Ah yes sorry. (quadraphonics posted while I was typing.) However, since we are only concerned with the gender of the other boy, after the information, the events (G,B) and (B,G) become identical. If it were worded as "What is the probability that the second(or first) born child was a boy?" it would be 1/3. -Andrew
The two events are separate events. The mention of "the other child" is a linguistic trick which is (deliberately?) not mentioned in the OP. As soon as you think or say "the other child", you're falsely implying that a particular child has already been identified, which is not the case. We are only concerned with whether both children are boys.
'First-born' has nothing to do with it. The 'first-born' child could have been an unseen daughter at the movies. The only information I gave was that one child was a boy and the wife was pregnant. I gave less information than was in the original version.
No, that's a different problem. The OP deals with dependent events, your restatement deals with independent events. The events this child here is a boy and that unborn child is a boy are independent. The events at least one of these two children are boys and both of these two children are boys are dependent.
My usage of the term "first-born" means, here, first out of the two children under consideration. Telling us that the wife has had a boy before the other child in question is more info than the original version, where we don't know the ordering. This is why the original version gives a probability of 1/3, while your version gives a probability of 1/2. It is MORE information, and it is a different problem with a different outome.

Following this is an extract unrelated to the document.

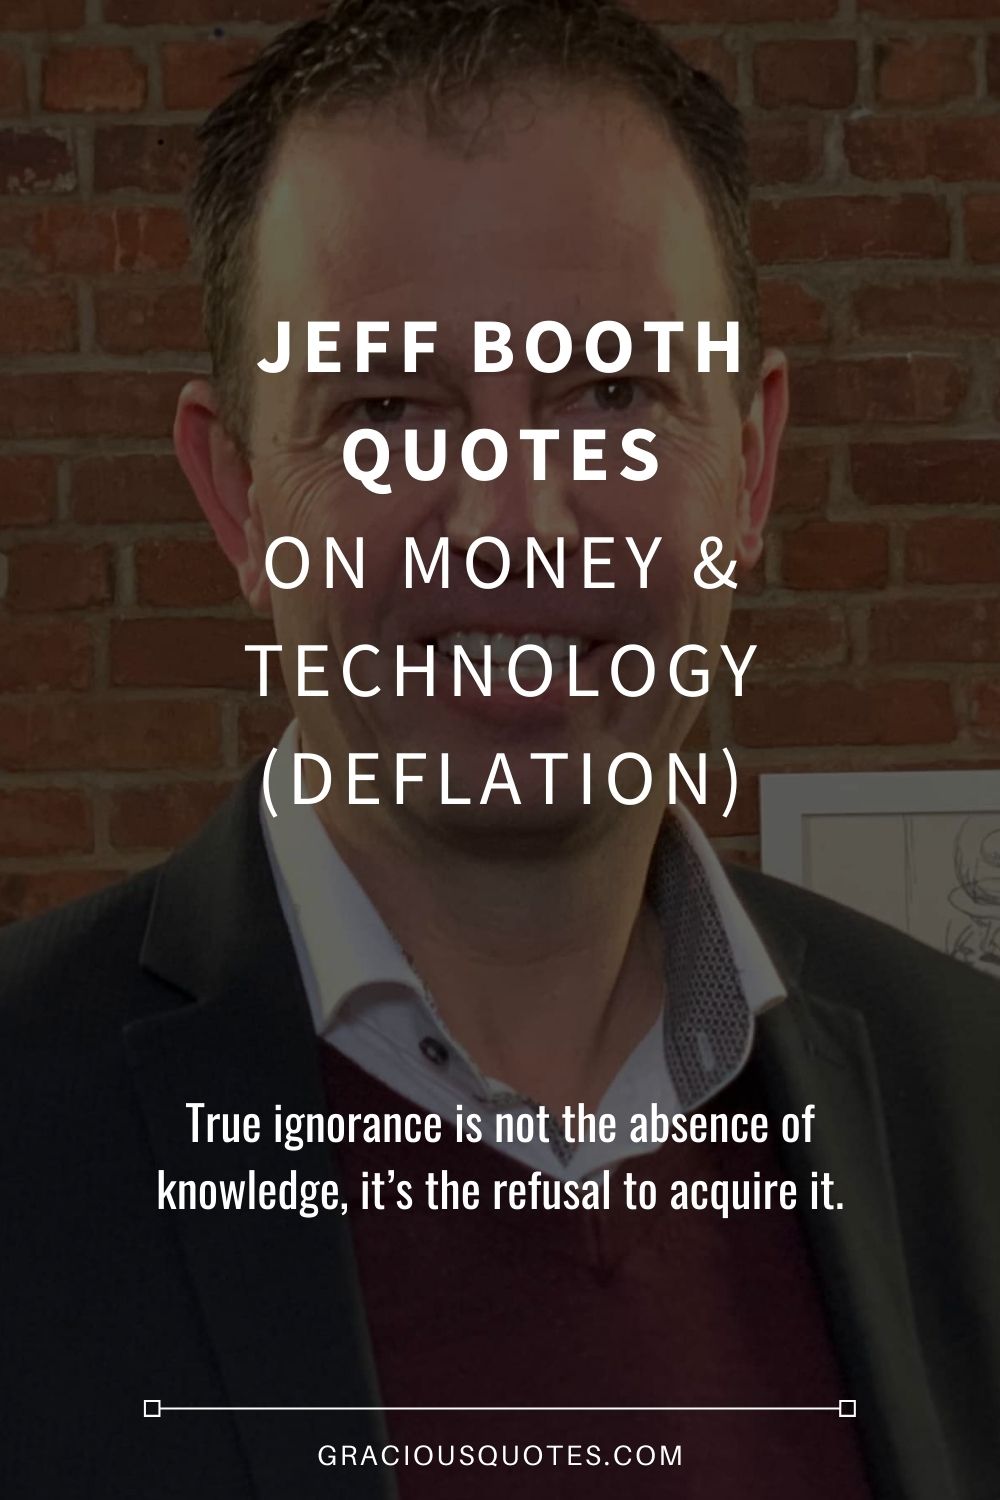 Jeff Booth Quotes on Money & Technology (DEFLATION) - Gracious Quotes

Alright allow me to put it this way: The events (B,G) and (G,B) loose half their weight in this case; each is 25% likely to be true, while (B,B) is 50% likely. Let's break the problem down furthur: We incorporate the persons answer into the scenario, not just by eliminating the (G,G) possibility, but by taking which child she could be reffering to into account. She is either reffering to child 1 or child 2. The new events appear as follows: (B,G,1) (G,B,2) (B,B,1) (B,B,2) Events: (B,G,2), (G,B,1), (G,G,1) (G,G,2) are contradictory and are therefore imppossible. Now we see, there is a 1/2 chance of it being 2 boys and a 1/2 chance of there being a girl. The fact is, the gender of the childs are independant. -Andrew
It's more than that - the OP doesn't identify a child in any way. In order to answer the question "Do you have [at least one] boy?", the responder has to consider her two children as a set. The response could refer to either or both. In turn, the probability we want to calculate is a property of both children as a set, not just one of them.
That doesn't make any sense at all. Yes, that's the trap I referred to in my first response to the thread. In the idealised probability teacher's scenario, the person isn't referring to one of her children, she is referring to them both as a set. You can imagine that the person interprets the question in a different way (as I suggested), which would change the resulting answer. Your analysis implies that the person has listened to the question, then chosen one of her children at random, and said whether that chosen child is a boy or not. Ie you eliminate (B,G,2) and (G,B,1) because in those situations the person would have answered "No".
OK, let's restate the OP like this. You approach somone and ask if they have any children. He states 'I have a son and my wife is pregnant'. What is the probability the unborn child will be a boy?